Required, unless there is an applicable exemption.

Explanation:

Several securities do not require registration, such as a Certificate of Deposit, securities issued by a governmental or non-profit organization, insurance policies, or short-term commercial paper (with a maturity of less than nine months). Issuer cost, riskiness, and dollar amounts are irrelevant with respect to the registration requirement.

Example Question #9 : Business Law General

Under the liability provisions of Section 18 of the Securities Exchange Act of 1934, for which of the following actions would an accountant generally be liable?

Possible Answers:

Negligently filing a reporting corporation’s tax return with the IRS.

Negligently approving a reporting corporation’s incorrect internal financial forecasts.

Intentionally preparing and filing with the SEC a reporting corporation’s incorrect quarterly report.

Intentionally failing to notify a reporting corporation’s audit committee of defects in the verification of accounts receivable.

Correct answer:

Intentionally preparing and filing with the SEC a reporting corporation’s incorrect quarterly report.

Explanation:

Section 18 of the 1934 Act addresses only intentionally false or misleading representations in a registration statement.

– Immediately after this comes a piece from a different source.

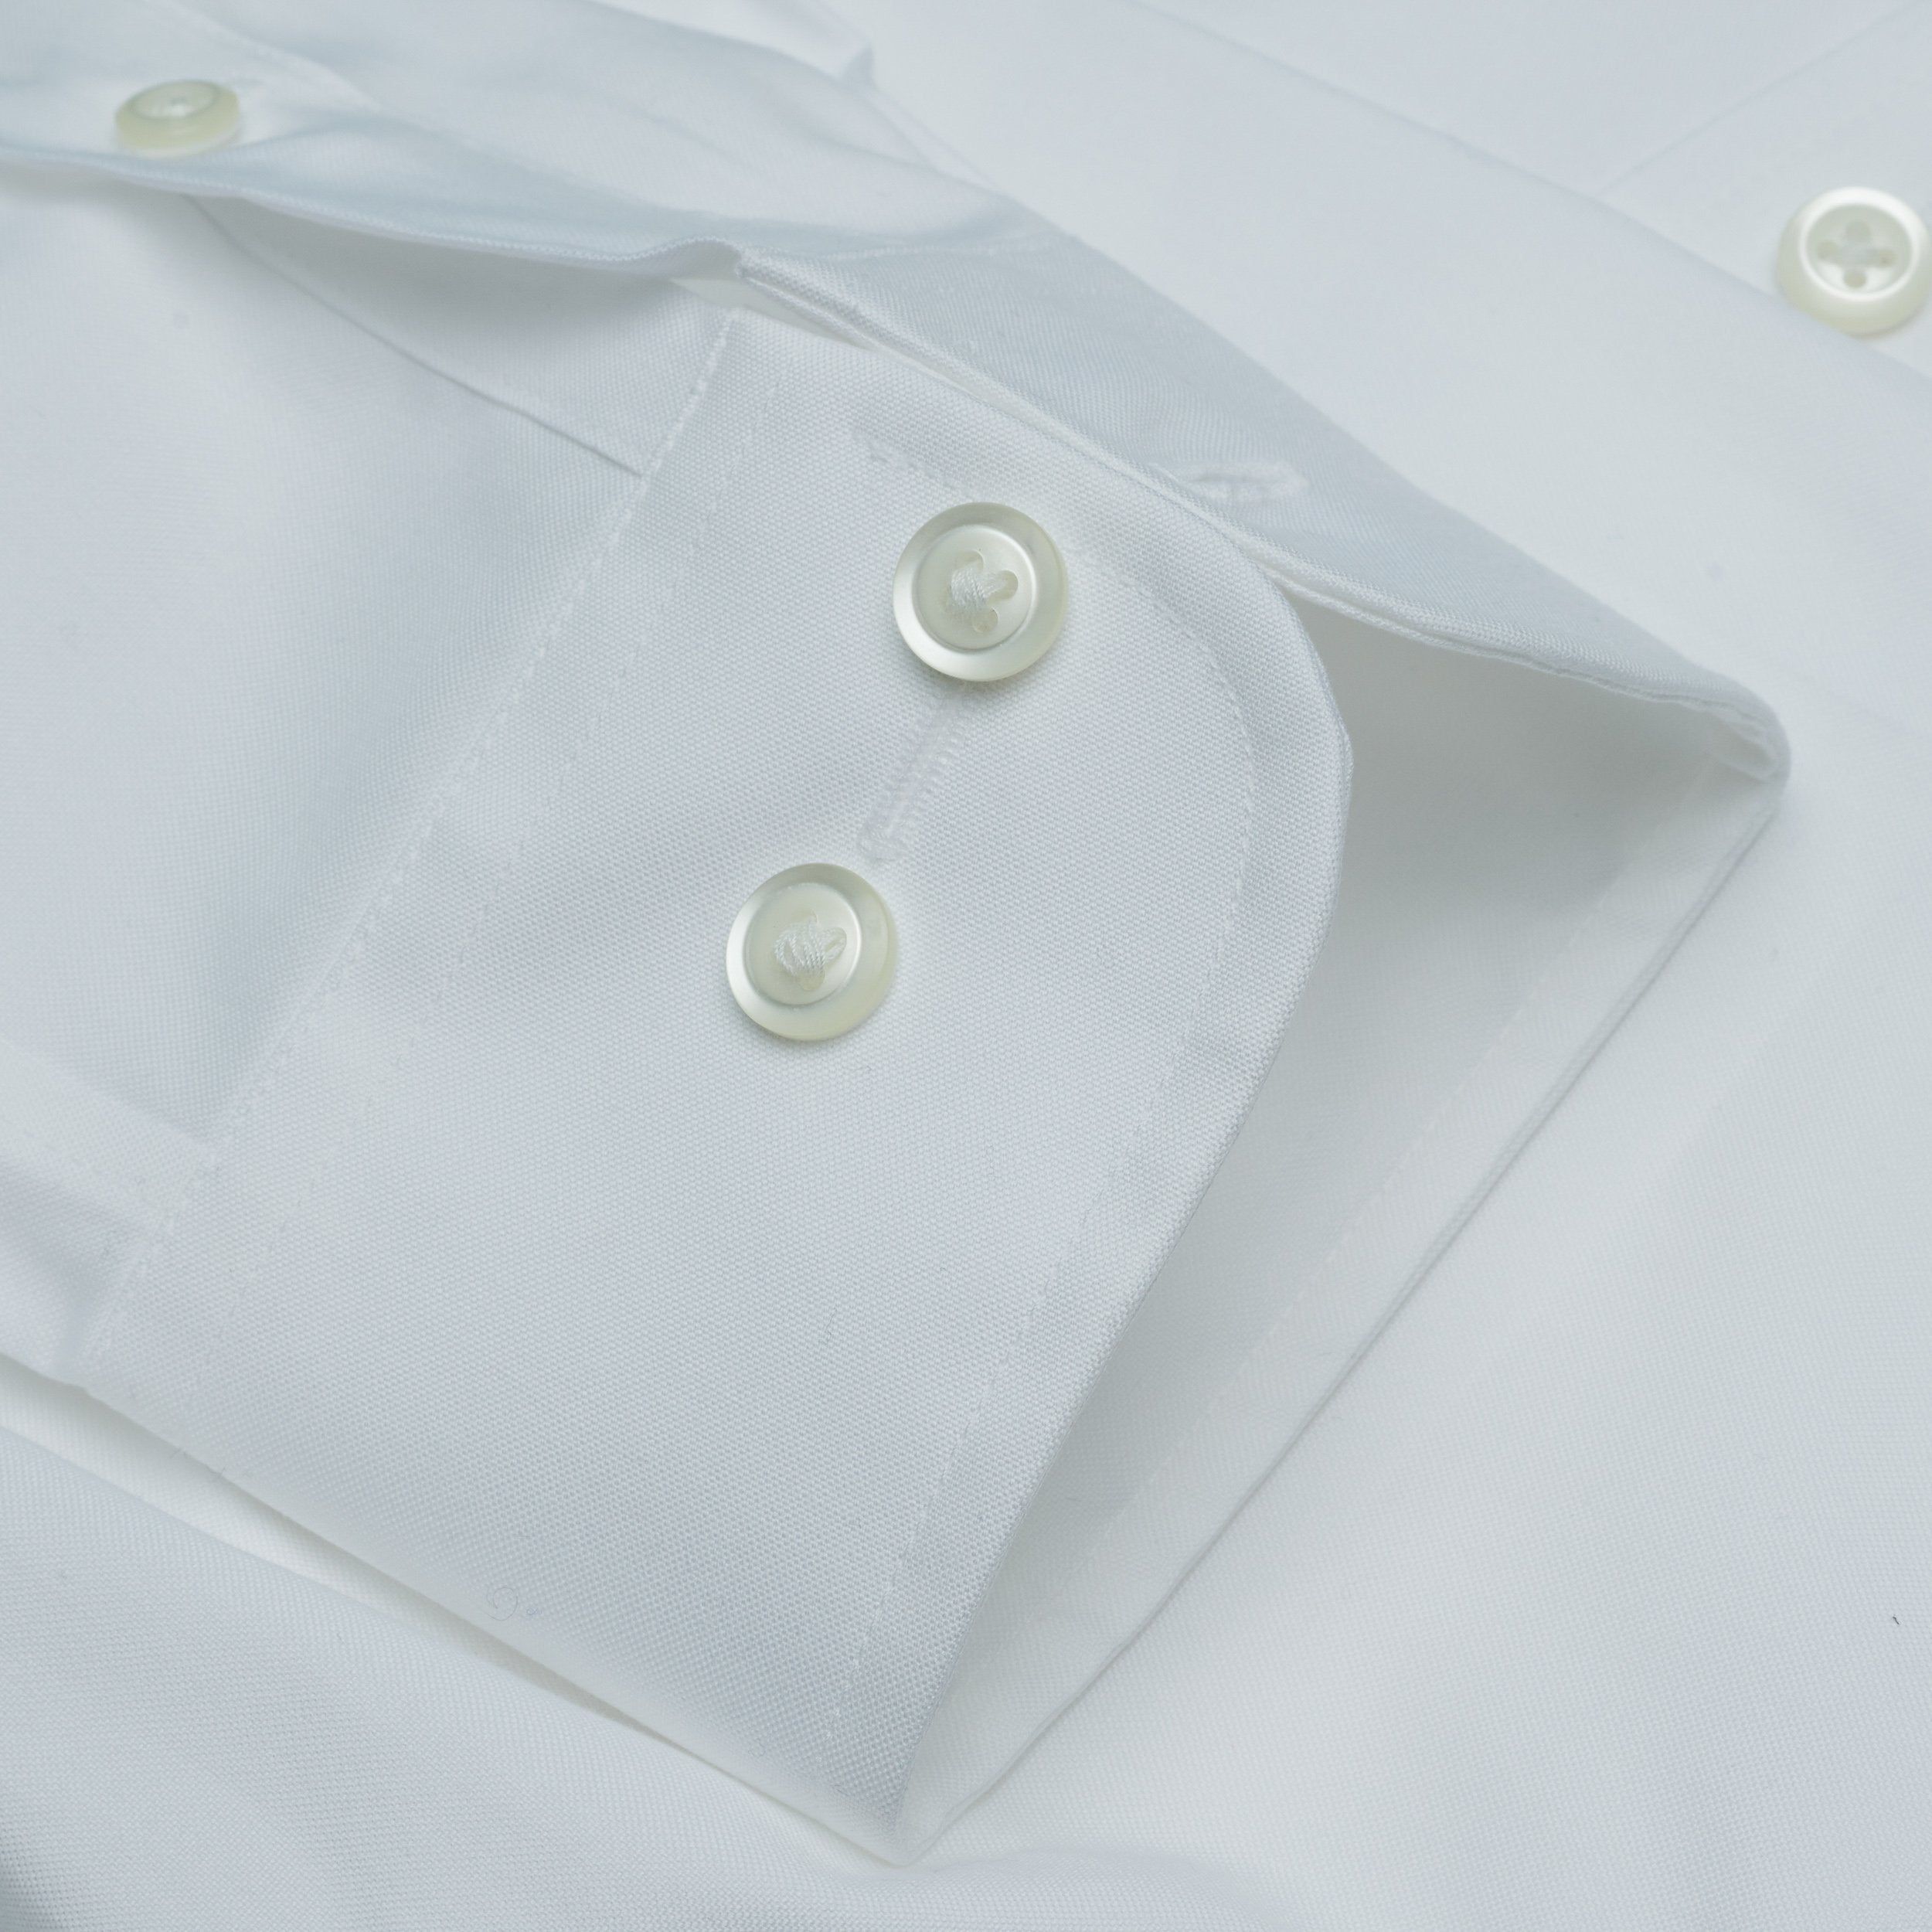 001 - White BD Dress Shirt Best Dress Shirt

Example Question #10 : Business Law General

An accuracy related penalty applies to the portion of tax underpayment attributable to A) Negligence or a disregard of the tax rules or regulations B) Any substantial understatement of income tax:

Possible Answers:

Neither

Both

A

B

Correct answer:

Both

Explanation:

Accuracy-related penalties apply to the portion of tax underpayments attributable to negligence or disregard of tax rules and regulation as well as to any substantial understatement of income tax.

Example Question #1 : Federal Securities Regulations

In evaluating the hierarchy of authority in tax law, which of the following carries the greatest authoritative value for tax planning of transactions?

Possible Answers:

IRS agents’ reports

IRS regulations

IRC

Tax court decisions

Correct answer:

IRC

Explanation:

The IRC holds the most value as an authoritative source in tax law and for regulations dictated throughout the US tax authority.

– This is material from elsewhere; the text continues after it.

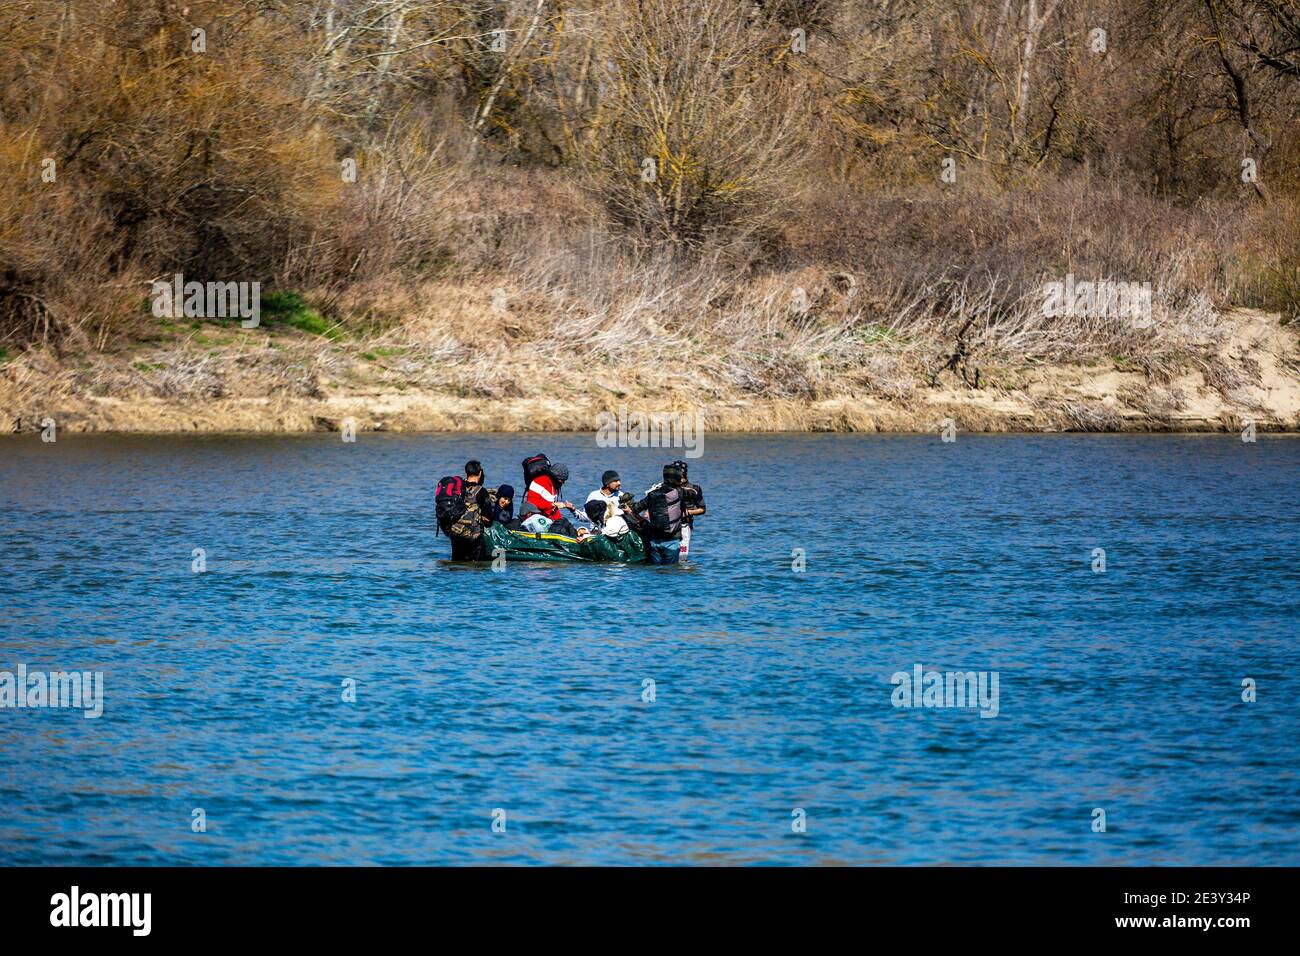 Edirne, Turquie - 4 mars 2020 : des réfugiés syriens, afghans et autres tentent d'atteindre l'Europe par bateau, de l'autre côté de la frontière grecque, depuis la Turquie Banque D'Images

Example Question #2 : Federal Securities Regulations

If there was a material omission by an accountant, would he or she be held liable for damages under the Securities Exchange Act of 1934?

Possible Answers:

If the security was part of an original issuance

Only if additionally negligence was proven

Yes

Yes, only if it involved registered securities

Correct answer:

Yes

Explanation:

A plaintiff must prove that the accountant simply made a false statement or omitted a fact under section 10(b).